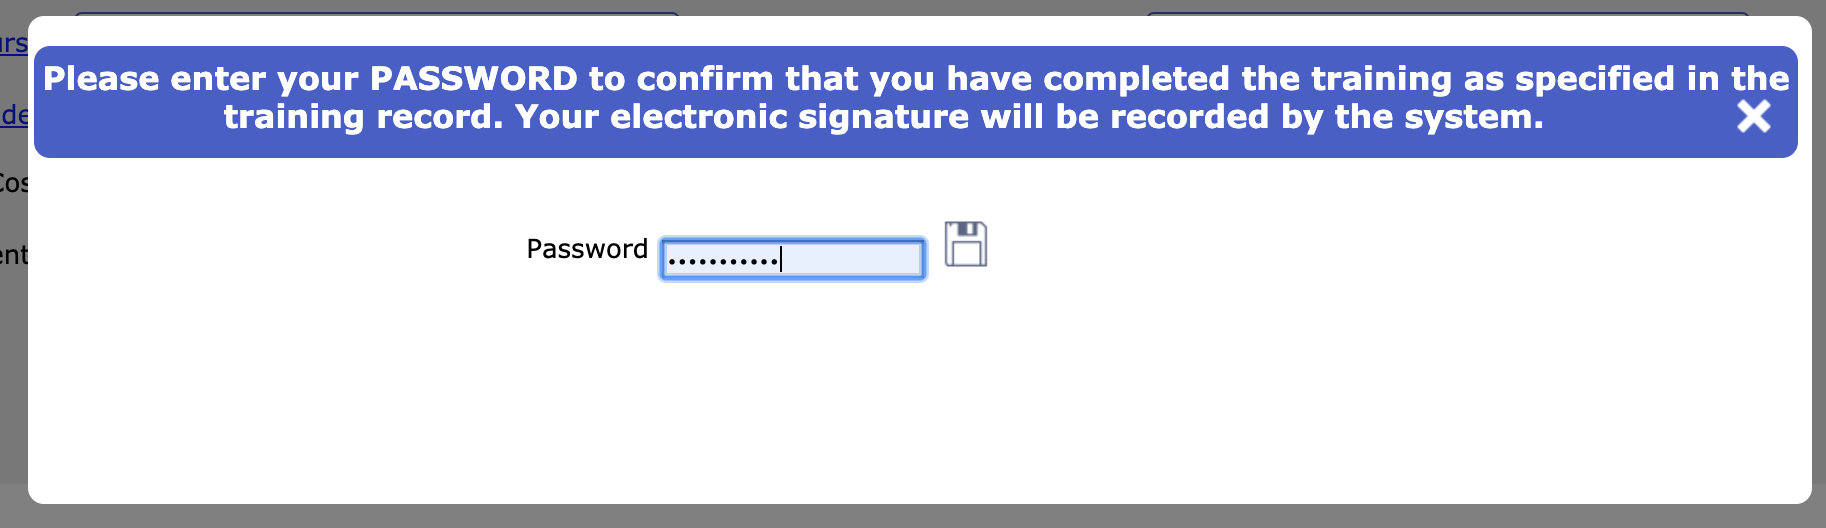 Training record e-signature
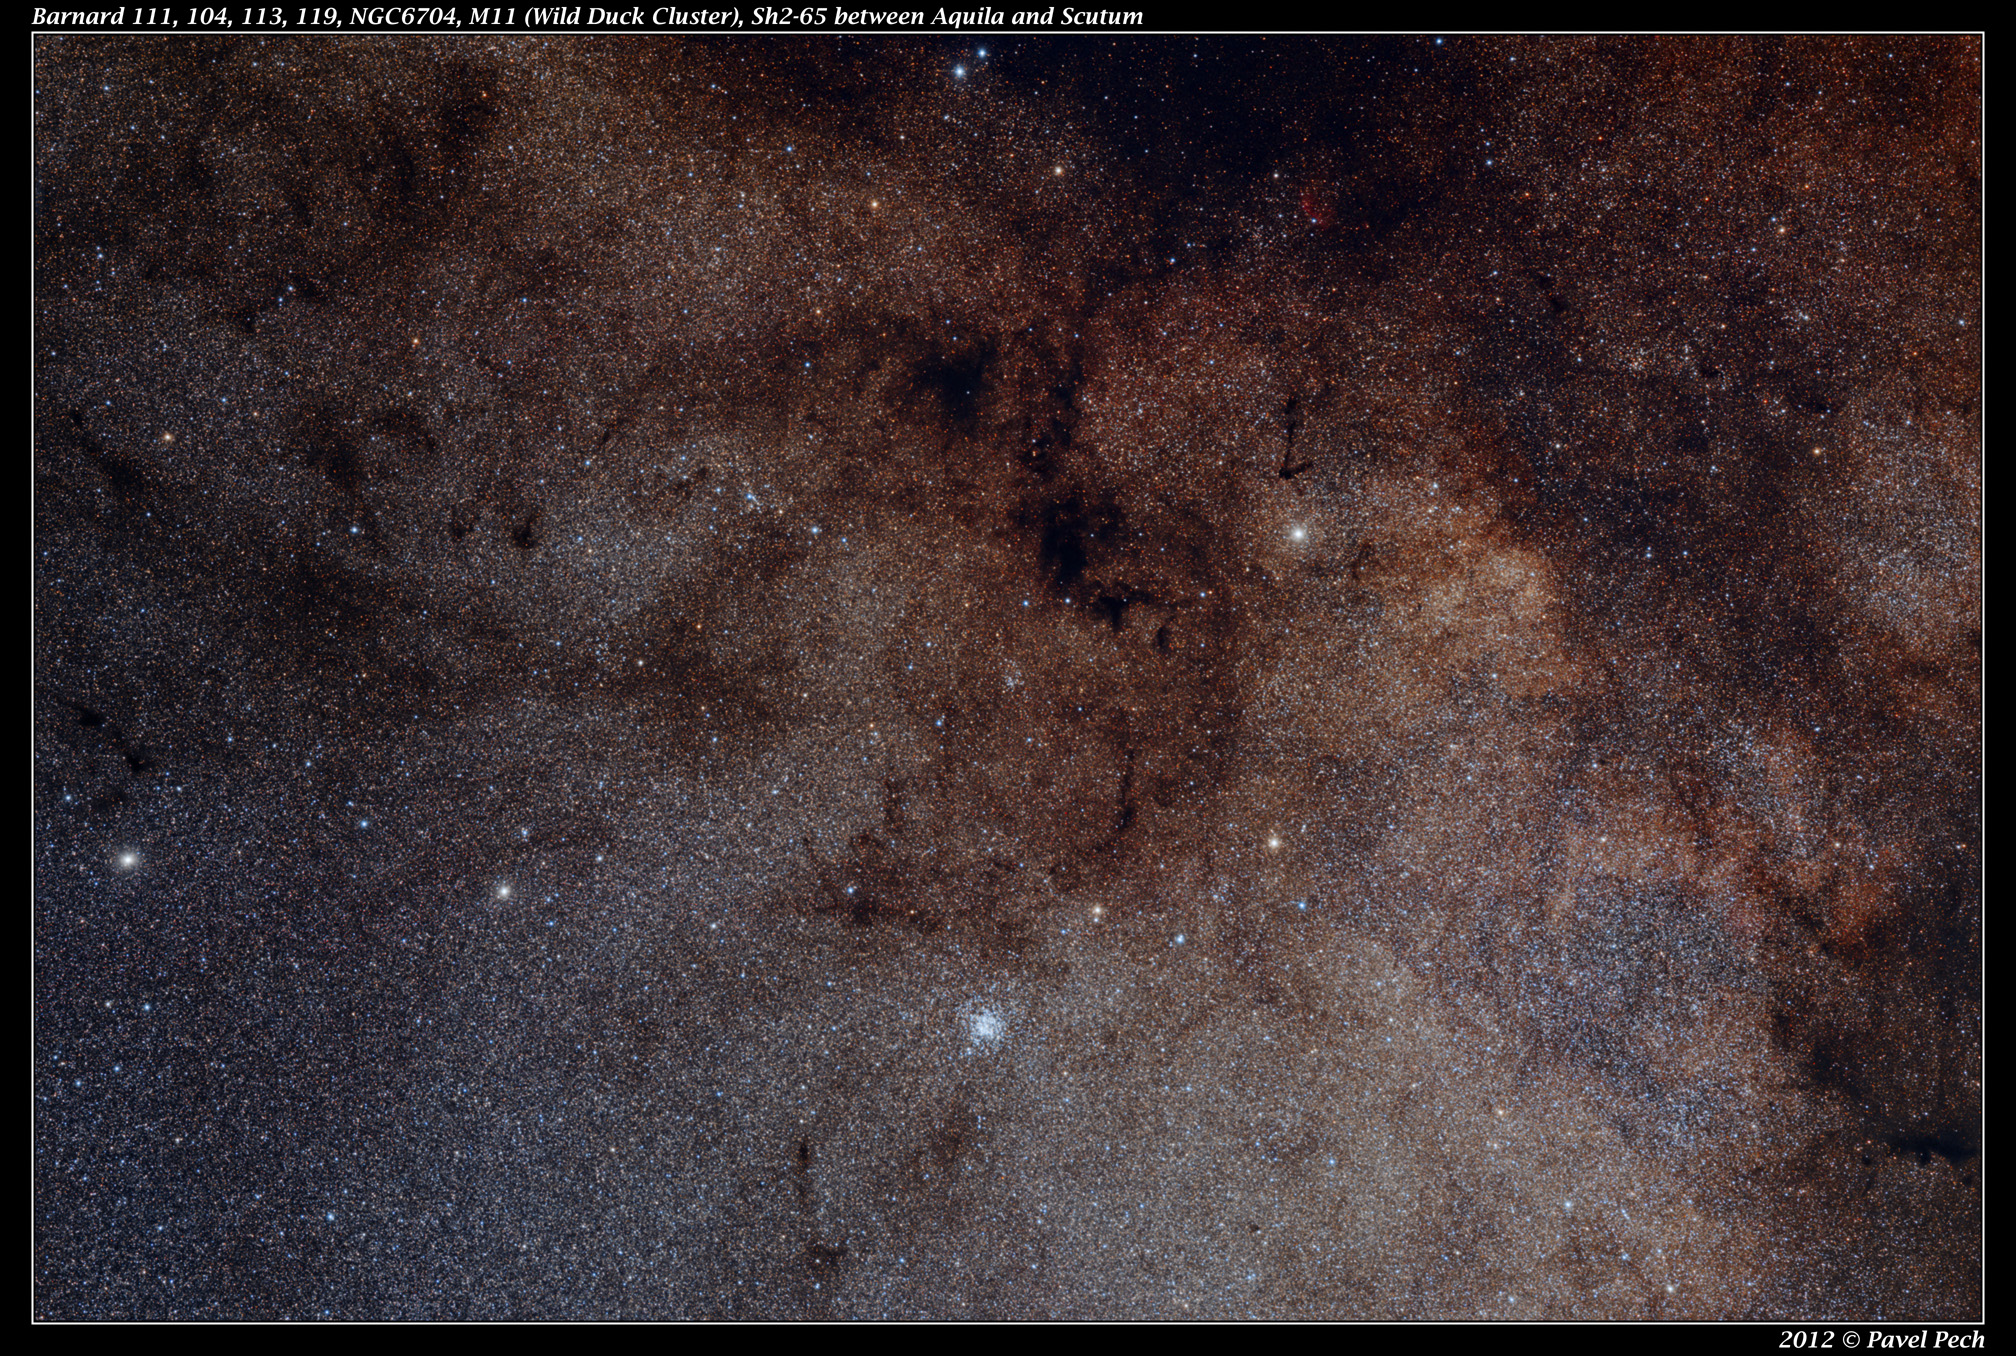 Barnard 111, 104, 113, 119, NGC6704, M11, Sh2-65
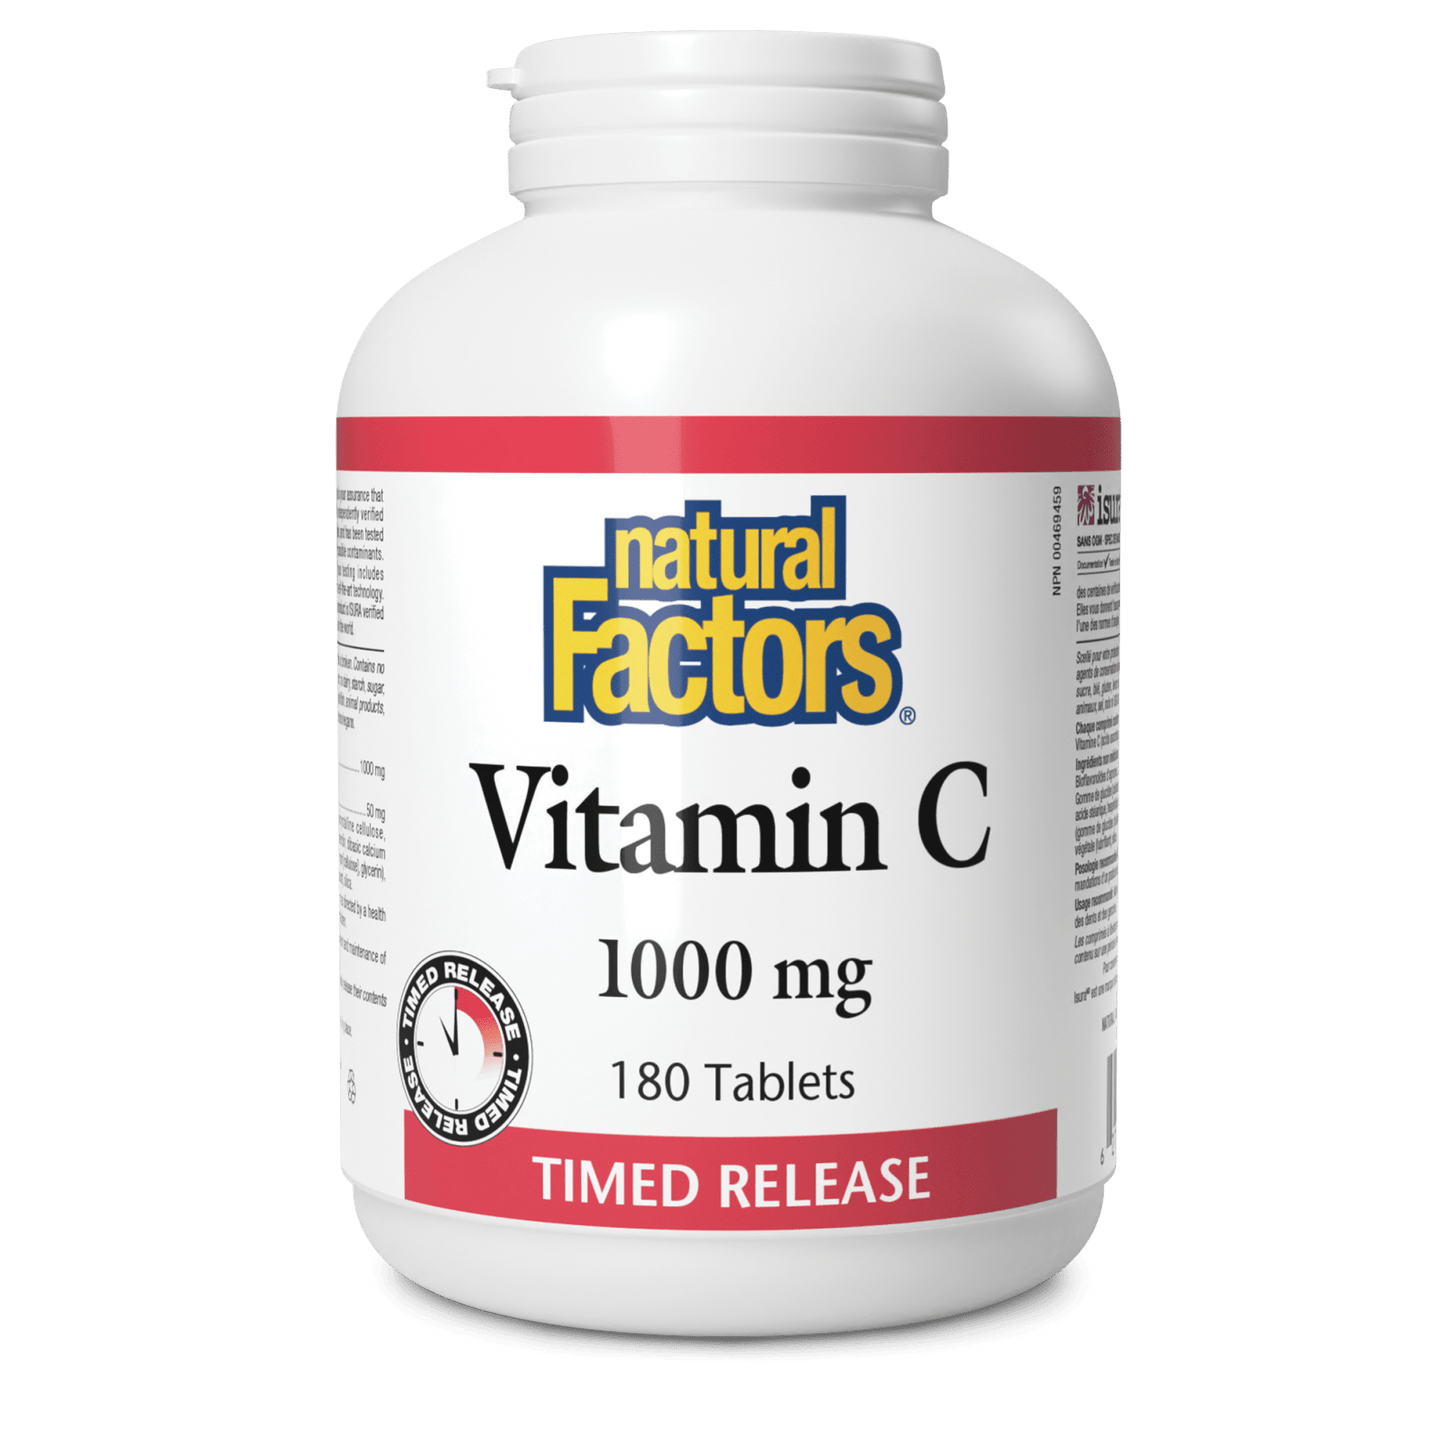 Vitamin C Time Release 1000 mg, Natural Factors|v|image|1342

++++++

- [Action item]
None of the pictures belong in the copy; repeat all other material exactly.

- [Solution for this problem]
 Training record e-signature
 Barnard 111, 104, 113, 119, NGC6704, M11, Sh2-65
 Vitamin C Time Release 1000 mg, Natural Factors|v|image|1342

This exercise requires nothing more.